Want to host your own LLM Chatbot on any cloud of your choosing? Worried about GPU unavailability on the cloud, massive cloud bills, manually learning how to launch instances in different regions/clouds, or laboriously setting up the cloud instances?
This post shows how to use SkyPilot to host a basic LLaMA-powered chatbot with just one CLI command.
It will automatically perform the following:
- Get a beefy GPU instance on AWS, GCP, Azure, or Lambda Labs
- Set up the instance (download weights, install requirements in a Conda env, etc.)

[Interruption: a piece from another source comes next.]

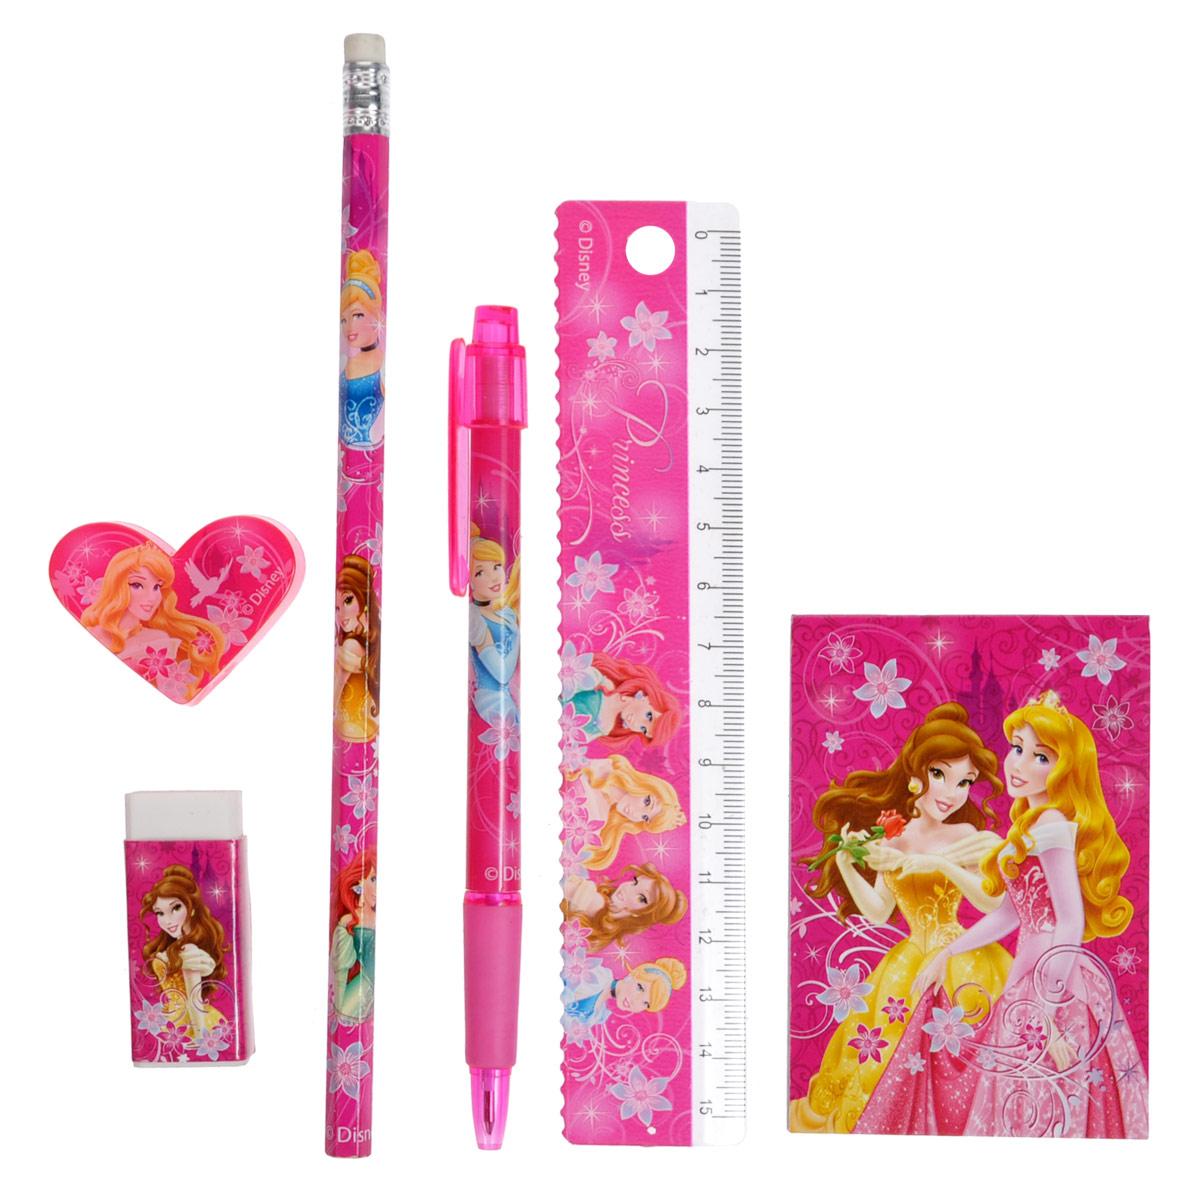 Канцелярский набор Princess, 7 предметовPRAB-US1-75409-HКанцелярский набор Princess станет незаменимым атрибутом в учебе любой школьницы.Он включает в себя пластиковый пенал, чернографитный карандаш с ластиком, автоматическую ручку, ластик, точилку, пластиковую линейку 15 см и небольшой блокнотик. Пенал снабжен поднимающейся подставкой для пишущих принадлежностей. Он раскрывается в центре, секции разворачиваются, и пенал можно использовать в качестве стакана для канцелярских принадлежностей.Ручка снабжена прорезиненной вставкой в области захвата, подача стержня производится путем нажатия на кнопку в верхней части ручки. Блокнотик снабжен картонной обложкой, внутренний блок содержит листы с печатью. Все предметы набора оформлены изображениями диснеевских принцесс Золушки, Белль, Ариэль и Авроры.

- Launch a chatbot interface that we can connect to through our laptop's browser
...and it does so while abstracting away all of the above infra burden and minimizing costs.
LLaMA is a set of Large Language Models (LLMs) recently released by Meta. Trained on more than 1 trillion tokens from public datasets, LLaMA achieves high quality and is space-efficient. You can fill out a form to request access from Meta to download the open model weights. In the steps below we assume either (1) you have an unexpired download URL, or (2) the weights have been downloaded and stored on the local machine.
SkyPilot is an open-source framework from UC Berkeley for seamlessly running machine learning on any cloud. With a simple CLI, users can easily launch many clusters and jobs, while substantially lowering their cloud bills. Currently, Lambda Labs (low-cost GPU cloud), AWS, GCP, and Azure are supported. See docs to learn more.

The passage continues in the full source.